CNKB version 2.0 design notes
From Informatics
The CNKB servlet is implemented to supports a request and response programming model. When a client sends a query request to the servlet, the doPost() method is called. It constructs a query result based on client’s request and sends it back to the client.
In CNKB v1.0, the interaction query is implemented based on gene entrez Id. So, if the interaction data does not come from "Entrez Gene" data source, then the query result will not include them.

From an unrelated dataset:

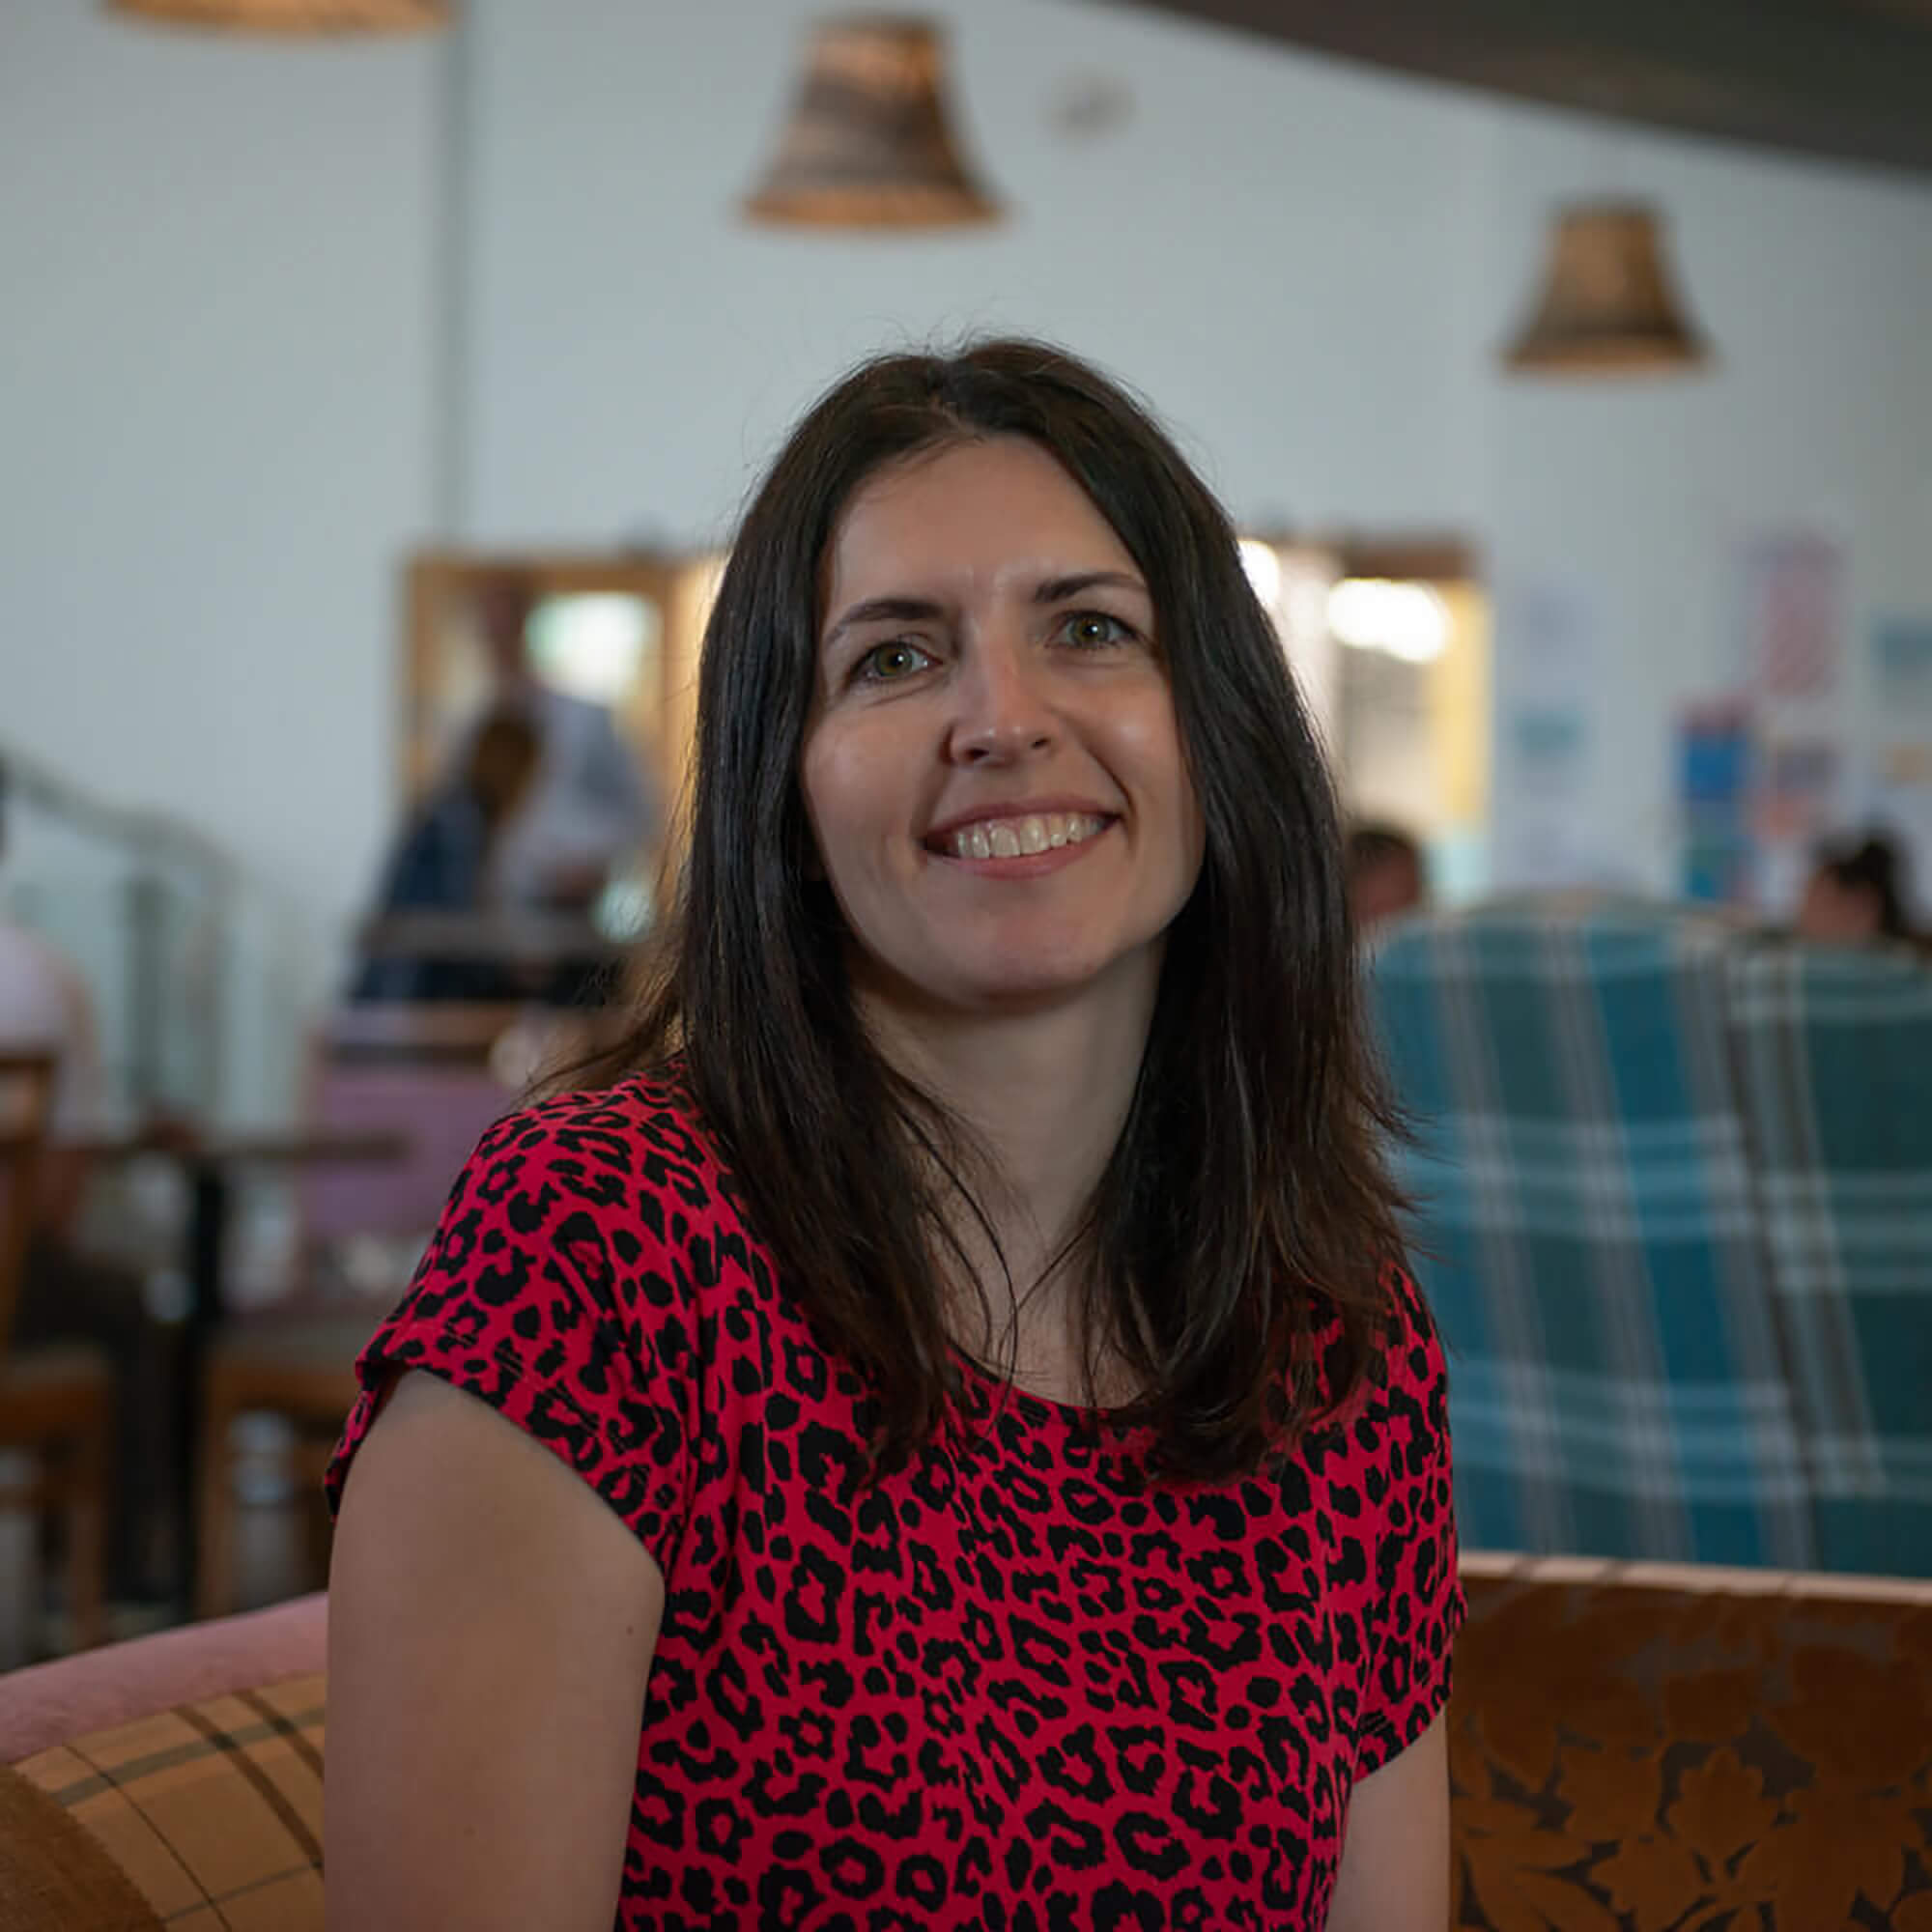 Rhona Woodward at Blends, University of Derby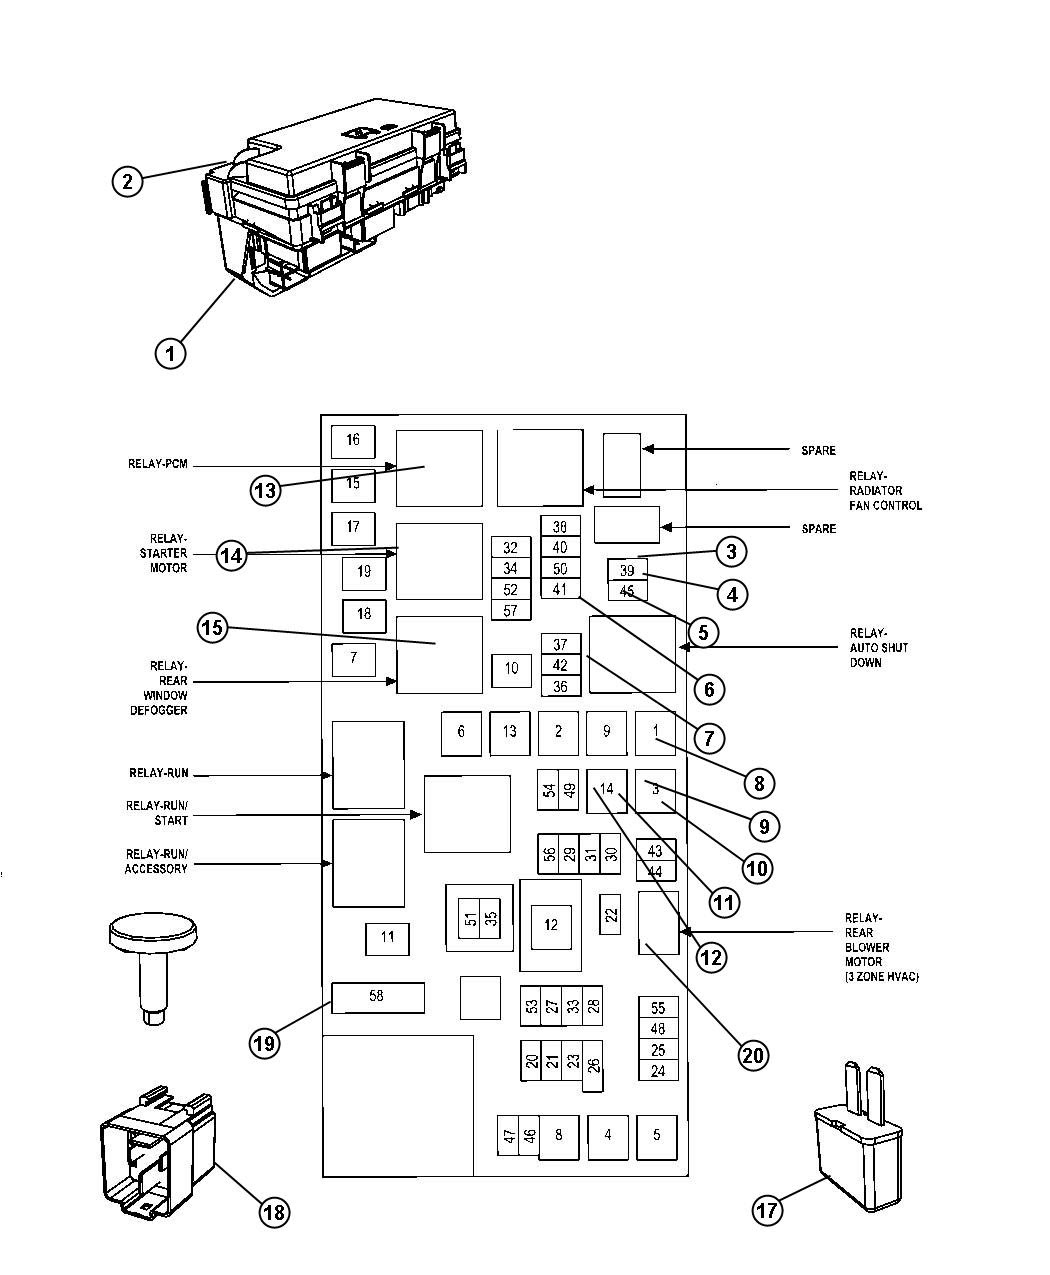 2000 Dodge Intrepid Fuse Box Location

In CNKB v2.0, we implement the following query to support "Entrez Gene", "uniprot" and other data suorces.
CNKB client:
Send query request along with "interactome", "version", "geneId" and "geneName".
CNKB Servlet:
Receive query request and perform the following:
Step1: Get interaction id list from database base on entrezId, context, version. And these interaction's participant should came from "Entrez Gene" data source. The example detailed SQL statement looks as:
SELECT i.id FROM physical_entity pe, db_source ds, interaction_participant ip, interaction i, interaction_interactome_version iiv WHERE ip.participant_id = pe.id AND ip.interaction_id = i.id AND i.id = iiv.interaction_id AND ds.name='Entrez Gene' AND pe.accession_db = ds.id AND i.id = iiv.interaction_id AND iiv.interactome_version_id = 1 AND pe.primary_accession = '12345';
Step2: Get interaction id list from database base on geneName, context, version. And these interaction's participant should not came from "Entrez Gene" data source. The example detailed SQL statement looks as:
SELECT i.id FROM physical_entity pe, db_source ds, interaction_participant ip, interaction i, interaction_interactome_version iiv WHERE ip.participant_id = pe.id AND ip.interaction_id = i.id AND i.id = iiv.interaction_id AND ds.name <> 'Entrez Gene' AND pe.accession_db = ds.id AND i.id = iiv.interaction_id AND iiv.interactome_version_id = 1 AND pe.gene_symbol = 'ABCD';
Step3: Get related interaction rows base on step1 and step2. The detailed SQL example is:
SELECT pe.primary_accession as primary_accession, ds.name as accession_db, pe.gene_symbol as gene_symbol, i.id as interaction_id, i.confidence_value as confidence_value, it.name as interaction_type FROM physical_entity pe, interaction_participant ip, interaction i, interaction_type it, db_source ds WHERE pe.id=ip.participant_id AND pe.accession_db=ds.id AND ip.interaction_id=i.id AND i.interaction_type=it.id AND i.id in (3456, 7897, 5056, 5567) ORDER BY i.id";
Step4: Send all related interaction rows to cnkb client. The row includes: primary_accession, accession_db, gene_symbol, interaction_id, confidence_value, interaction_type
CNKB client:
Receive query result.
If the interaction participant came from "Entrez Gene" data source, then application treats primary_accession as "entrezId" and search it through the selected microarray.
If the interaction participant came from "Uniprot" data source, then application treats primary_accession as "swissprot id" and search it through the selected microarray based on primary_accession and gene name.
If the interaction participant came from other data source, then application just uses gene name(if it exists) to search through the selected microarray.